Comment by doesnt_know
19 hours ago
How do you do "due diligence" on an API that frequently makes undocumented changes and only publishes acknowledgement of change after users complain?
You're also talking about internal technical implementations of a chat bot. 99.99% of users won't even understand the words that are being used.
What is being discussed is KV caching [0], which is used across every LLM model to reduce inference compute from O(n^2) to O(n). This is not specific to Claude nor Anthropic.
[0]: https://huggingface.co/blog/not-lain/kv-caching
> How do you do "due diligence" on an API that frequently makes undocumented changes and only publishes acknowledgement of change after users complain?

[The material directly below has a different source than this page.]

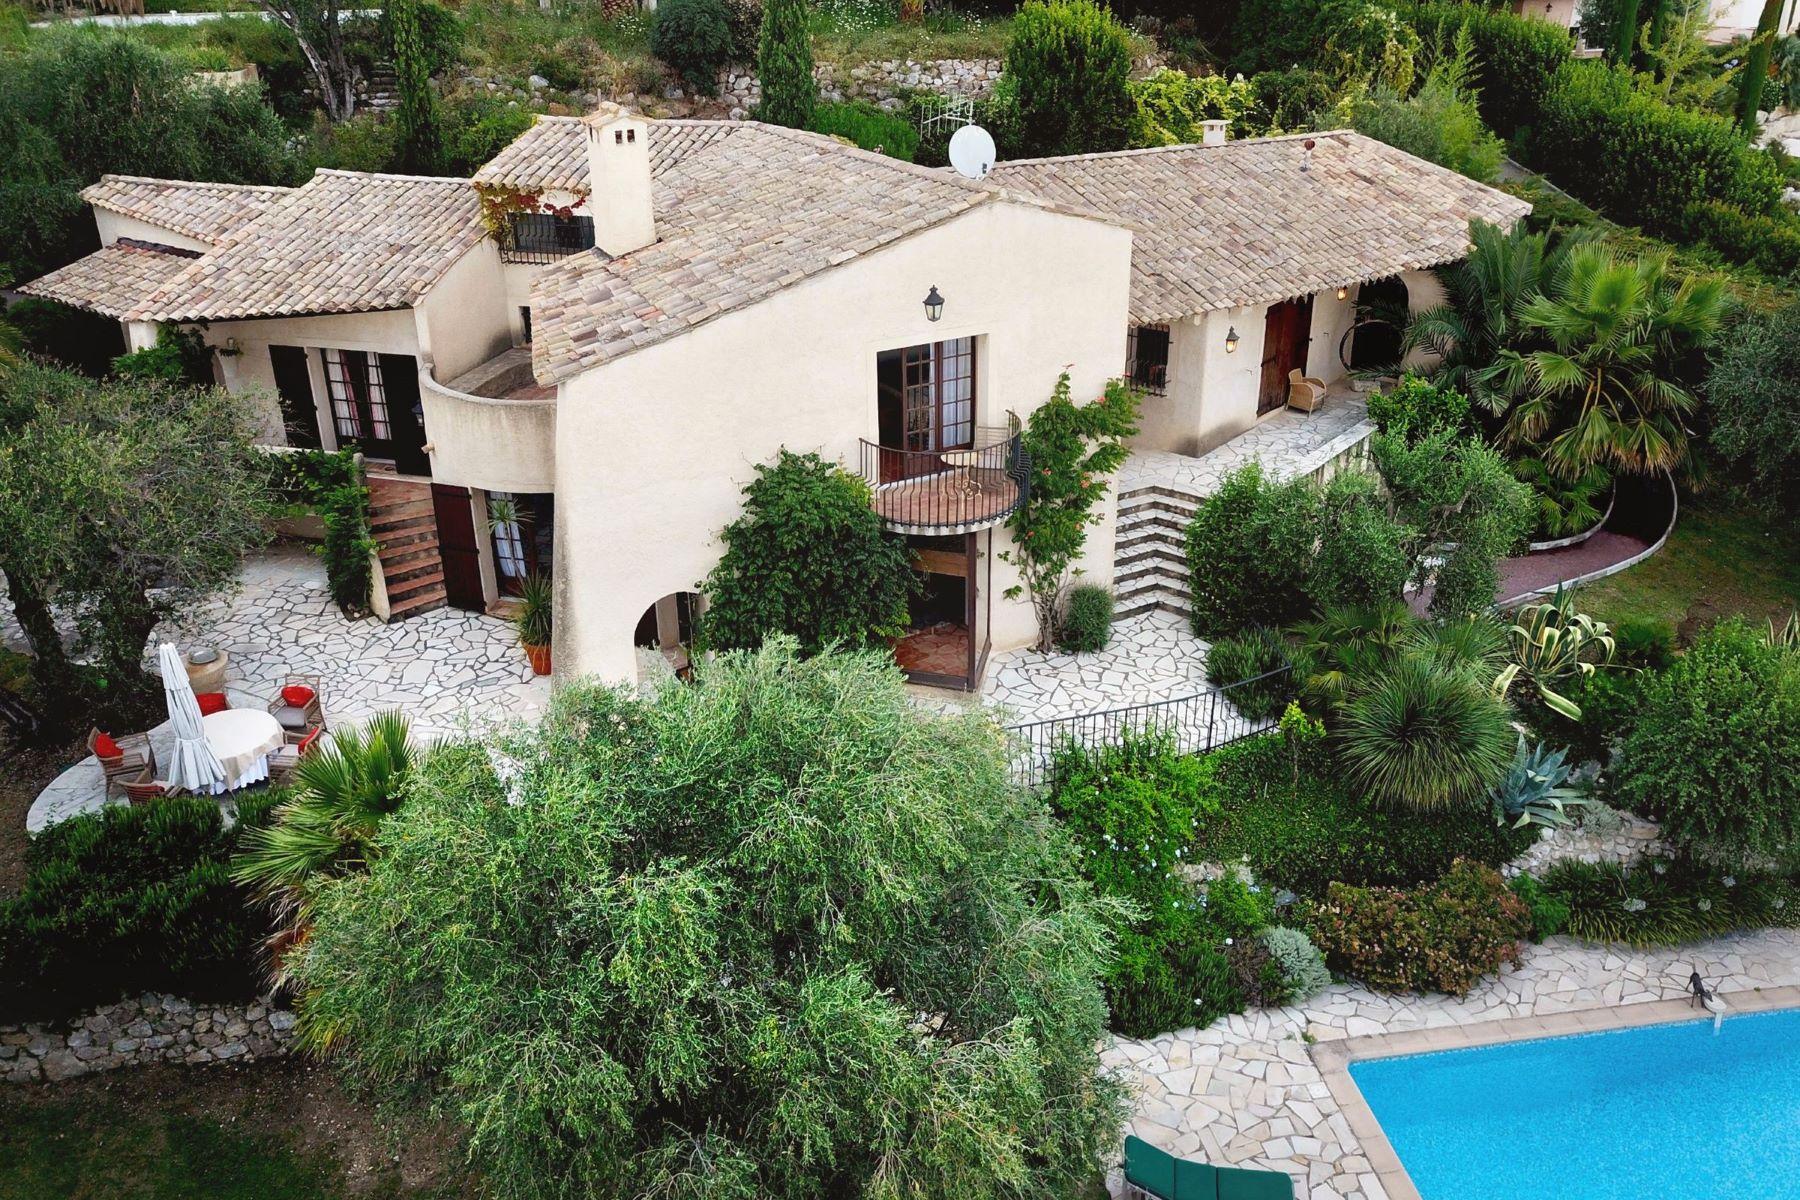 Single Family Homes por un Venta en For sale in Vence - charming provençal home in a quiet neighbourhood. Vence, Provincia - Alpes - Costa Azul 06140 Francia

1. Compute scaling with the length of the sequence is applicable to transformer models in general, i.e. every frontier LLM since ChatGPT's initial release.
2. As undocumented changes happen frequently, users should be even more incentivized to at least try to have a basic understanding of the product's cost structure.
> You're also talking about internal technical implementations of a chat bot. 99.99% of users won't even understand the words that are being used.
I think "internal technical implementation" is a stretch. Users don't need to know what a "transformer" is to understand the trade-off. It's not trivial but it's not something incomprehensible to laypersons.
I use CC, and I understand what caching means.
I have no idea how that works with a LLM implementation nor do I actually know what they are caching in this context.
They are caching internal LLM state, which is in the 10s of GB for each session. It's called a KV cache (because the internal state that is cached are the K and V matrices) and it is fundamental to how LLM inference works; it's not some Anthropic-specific design decision. See my other comment for more detail and a reference.
CC can explain it clearly, which how I learned about how the inference stack works.
> 99.99% of users won't even understand the words that are being used.
That's a bad estimate. Claude Code is explicitly a developer shaped tool, we're not talking generically ChatGPT here, so my guess is probably closer to 75% of those users do understand what caching is, with maybe 30% being able to explain prompt caching actually is. Of course, those users that don't understand have access to Claude and can have it explain what caching is to them if they're interested.